06.06.2024 06:30:03 - dpa-AFX: ROUNDUP/Experten: Hoher Alkoholkonsum gefährdet auch Partner, Kinder, Kollegen

HAMM (dpa-AFX) - Eine Tochter, die Angst hat, dass die angetrunkene Mutter
ausrastet oder ein Mitarbeiter, der wieder für den alkoholbedingt ausgefallenen
Kollegen einspringen soll: Die "Volksdroge Nummer eins" schädige nicht "nur" die
rund neun Millionen Menschen mit einem problematischen Alkoholkonsum, sondern
belaste und gefährde auch viele Dritte in praktisch allen Lebensbereichen,
betonte die Deutsche Hauptstelle für Suchtfragen (DHS) in Hamm am Donnerstag zum
anstehenden Start einer Kampagnenwoche. DHS, Bundesärztekammer (BÄK),
Bundespsychotherapeutenkammer, die Gesellschaft für Psychiatrie (DGPPN) und die
DG-Sucht forderten spürbare Preissteigerungen für alkoholische Getränke. Es
dürfe für sie keine Werbung mehr geben und sie sollten weniger verfügbar sein,
mahnten sie in einem gemeinsamen Positionspapier.
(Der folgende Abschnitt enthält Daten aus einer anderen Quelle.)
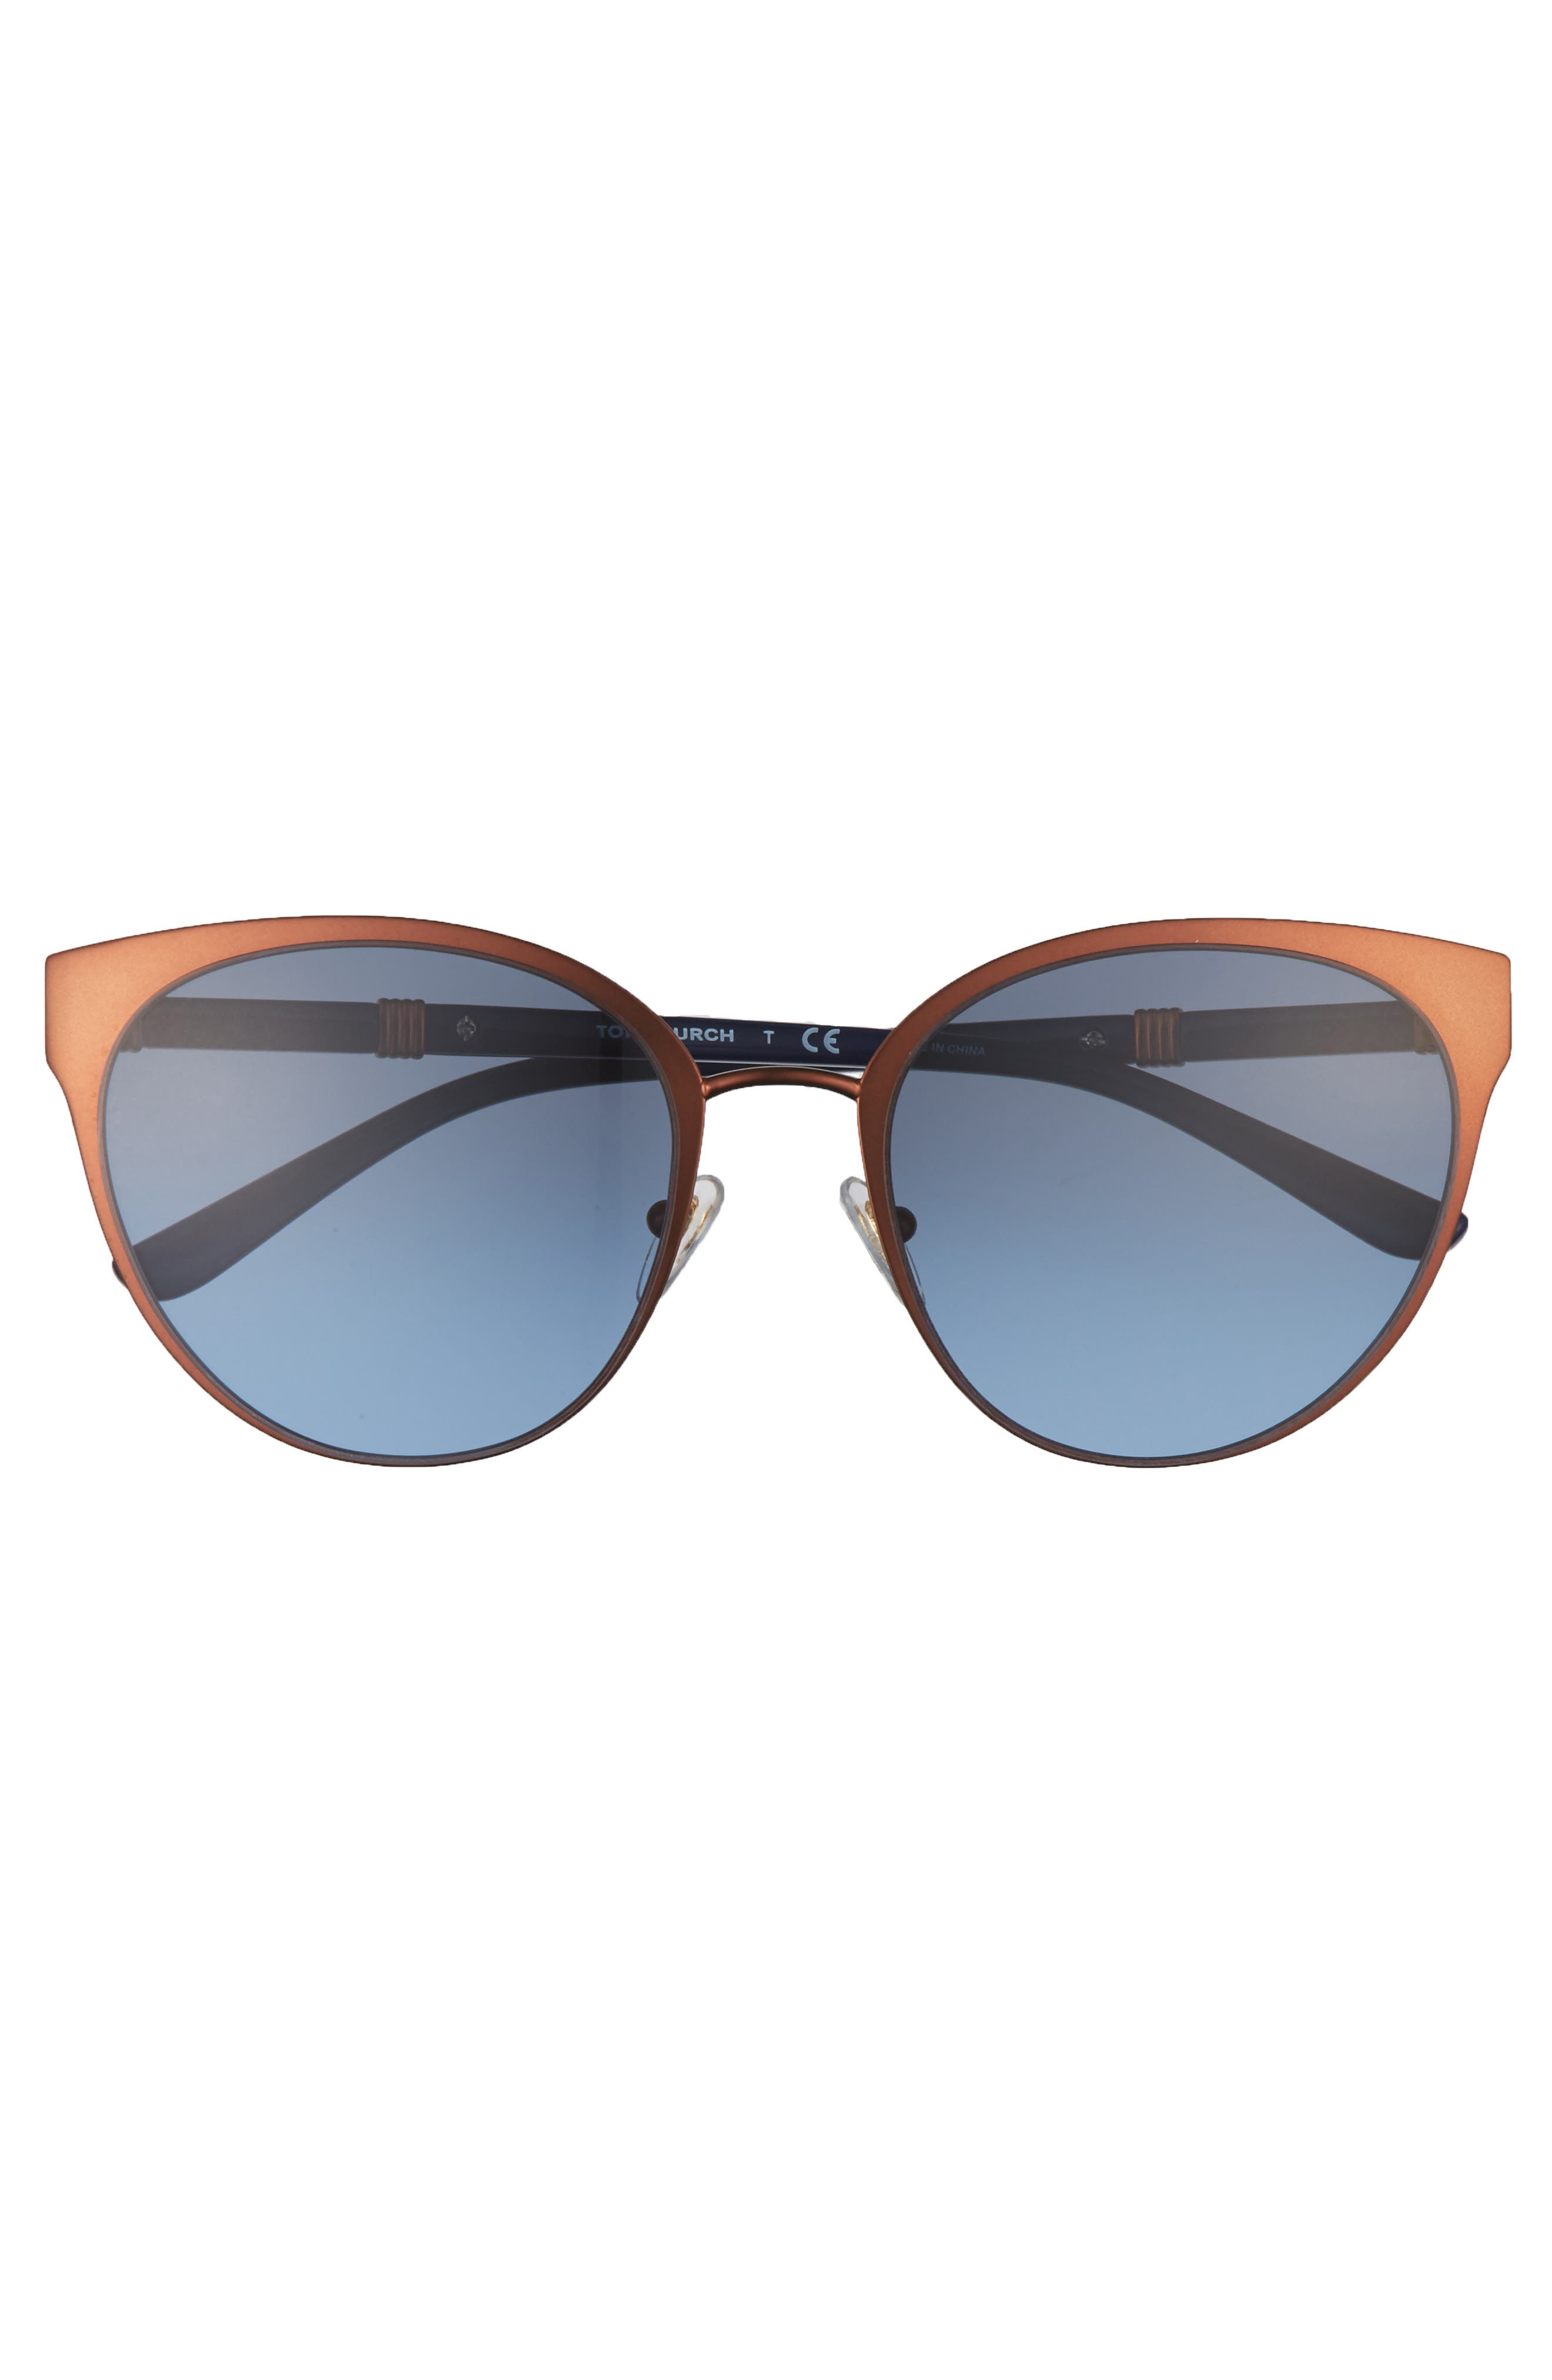 55mm Cat Eye Sunglasses,                             Alternate thumbnail 3, color,                             220

Alleine rund acht Millionen Angehörige seien von Alkoholkonsum und
Suchtverhalten eines Verwandten mitbetroffen - mehrheitlich gehe es dabei um
problematischen Alkoholkonsum, sagte DHS-Geschäftsführerin Christina Rummel der
Deutschen Presse-Agentur. Diese Angehörigen seien starken Stimmungsschwankungen
der nahestehenden Person ausgesetzt, fühlten sich hilflos und allein, zugleich
aber auch verantwortlich dafür, nach außen den Schein zu wahren und Versäumnisse
aufzufangen. Und: "In Familien mit Alkoholproblemen kommt es überproportional
häufig zu gewalttätigen Übergriffen", berichtete die DHS. Gravierend auch: Mehr
als 2,6 Millionen Kinder und Jugendliche unter 18 Jahren haben Eltern, die
Alkohol missbrauchen oder von ihm abhängig sind.
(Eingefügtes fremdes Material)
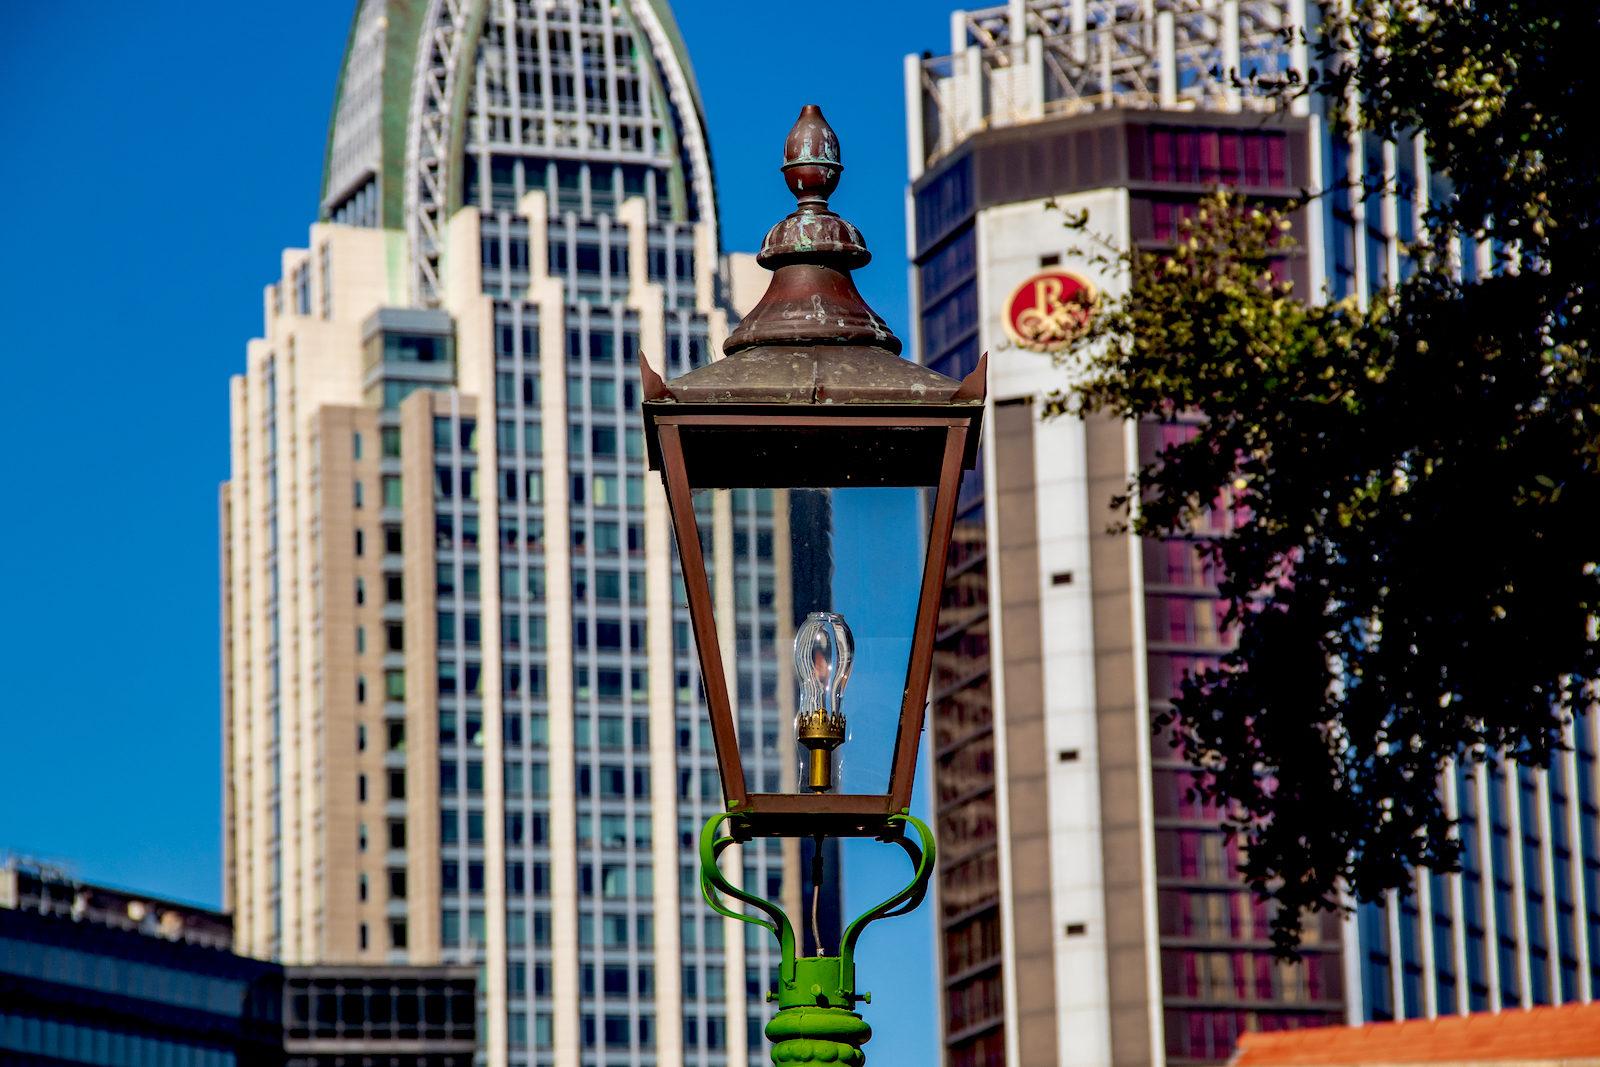 Lantern in Downtown Mobile, AL

Aktionen deutschlandweit an vielen Orten von Aachen bis Zwickau

Deutschland sei "Alkohol-Hochkonsumland", auch wenn über die vergangenen
Jahrzehnte hinweg der Konsum gesunken sei, hieß es bei der DHS. Es brauche viel
mehr Sensibilität im Umgang mit Alkohol - und Bewusstsein für die Gefahren.
Deutschland sei sehr alkoholaffin, so Rummel. Die DHS koordiniert die
Aktionswoche - diesmal unter dem Motto "Wem schadet dein Drink?". Ab Samstag
sollen mehr als 800 Veranstaltungen nahezu flächendeckend von Aachen bis Zwickau
an den Start gehen. Das Ganze steht unter Schirmherrschaft des
Bundesdrogenbeauftragten Burkhard Blienert. Viele Organisationen,
Landesgesundheitsministerien und Suchthilfe-Netzwerke kooperieren.

Konkretes Aktionsbeispiel: Im bevölkerungsreichsten Bundesland NRW bieten
Polizei und Caritas einen Verkehrsparcours unter simuliertem Alkoholeinfluss an.
In Essen finden Schulungen für Führungskräfte, in Düsseldorf Trainings für
Mitarbeiter statt, die Uni Bielefeld ist mit Infos und Selbsttests dabei, die
Stadtbibliothek Bottrop hat einen Büchertisch vorbereitet. Einige Hilfsangebote
bundesweit richten sich auch an Kinder und Jugendliche. Präventionstage in
Schulen und Betrieben soll es geben. Suchthilfe und Selbsthilfegruppen sind vor
Ort.

Wer wird durch den Alkoholkonsum anderer geschädigt?

Zum Thema Arbeitsplatz weist die DHS auch mit Plakaten darauf hin: "Alkohol
verlangsamt das Denken." Es komme zu Fehlern, Produktionsausfällen, hohen
Krankheitsständen, schilderte Rummel. Bei Mitarbeitern und Mitarbeiterinnen
steige die Unzufriedenheit, wenn sie Fehlzeiten und Mängel auffangen müssten.
Die DHS hat Gesprächshilfen und Materialien einwickelt. "Bei Firmen und
Betrieben ist das Interesse riesengroß." Es gebe ein starkes Umdenken.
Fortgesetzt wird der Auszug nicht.